零はふらふらのカズトが襲われないように、後ろで魔物の相手をしながら走っていた。


「まぁ、ギリギリ合格だな。セレナ様、その小僧をあまり甘やかさないでいただきたい。」


 どこまでも厳しいシンの言葉に、セレナは少しだけ頬を膨らませて、彼を守るようにさらに強く抱きしめた。


「だめです!カズトは 頑張ったのですから、私がたくさん甘やかします! シンは厳しすぎです! よーしよし、本当によく頑張りましたね」


 セレナは慈しむような表情で、泥や砂にまみれた彼の髪を、白く柔らかな手で優しく、何度も撫でた。

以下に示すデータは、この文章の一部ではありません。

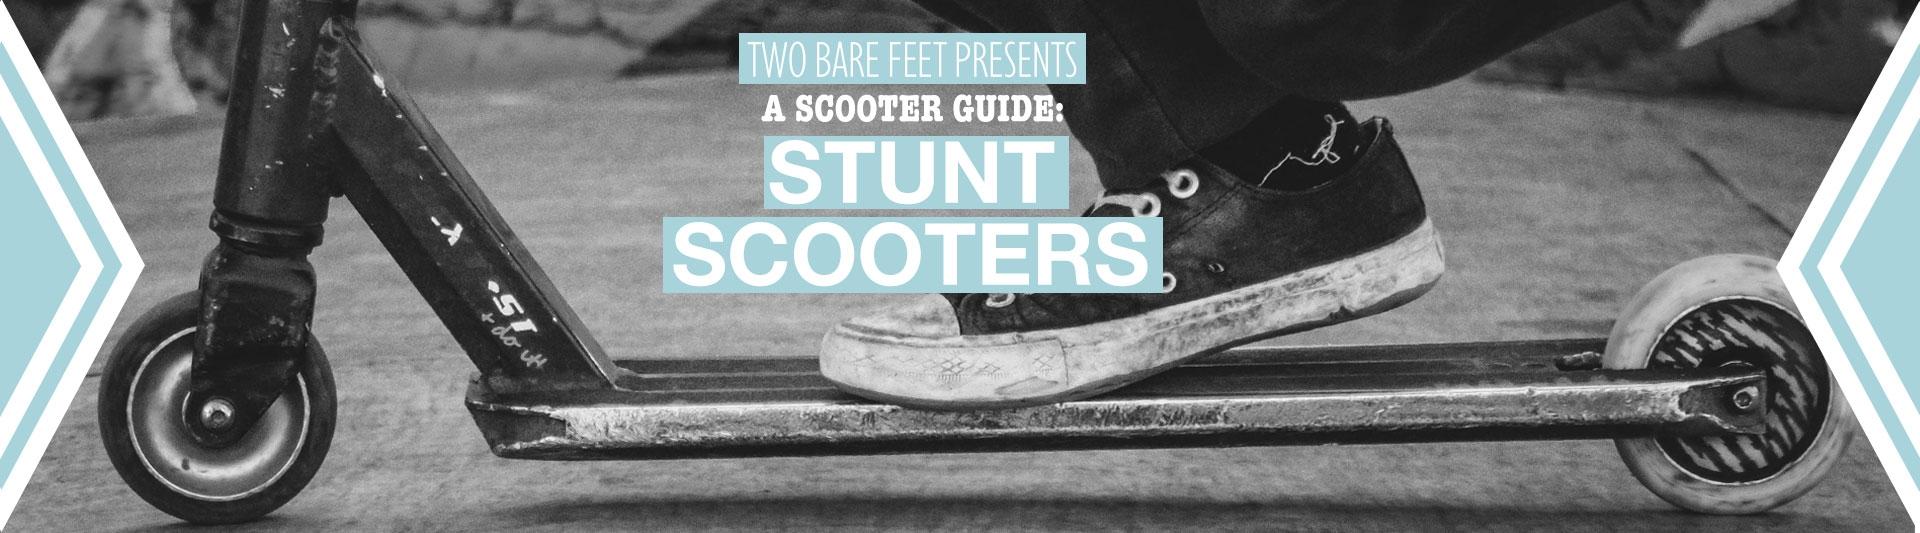 Stunt scooter banner

 その手つきは母親のようでもあり、愛しい人を労う恋人のようでもある。


「(白目のカズト)」


 カズトはセレナの胸元に顔を埋めたまま、ほとんど気絶していた。


 ほぼ無意識の鼻をくすぐる甘い香りと、頭に伝わる優しい感触。


「……ちょっと、セレナ様。私だって……頑張ったんだから」


 隣でへたり込んでいた零が、ジト目で二人を見上げている。


「ふふ、もちろんですわ零。貴女もこちらへ。二人とも、今夜はわたくしがつきっきりでお世話して差し上げますからね。さあ、まずはこの泥を落としましょう? カズト、わたくしに掴まって」


 セレナは力強く彼を支え、ゆっくりと城内へと歩き出した。


「やれやれ。まあいい、死地から生還した後の安らぎも、精神の回復には必要か。おい、お前。手伝ってやれ」


 シンに促され、女騎士が苦笑いしながら零を抱え上げた。


「はいはい。お熱いことね。でも、ボロボロになるまで戦った男の顔は、嫌いじゃないわよ。お疲れ様、少年」


 月明かりに照らされた城の廊下を、カズトは半分夢心地のまま、セレナの体温を感じながら運ばれていった。


 彼が次に意識を取り戻したとき、そこには先ほどまでの暗い峡谷も、冷たい風もなかった。

地道な修行の繰り返しも今回でひと段落。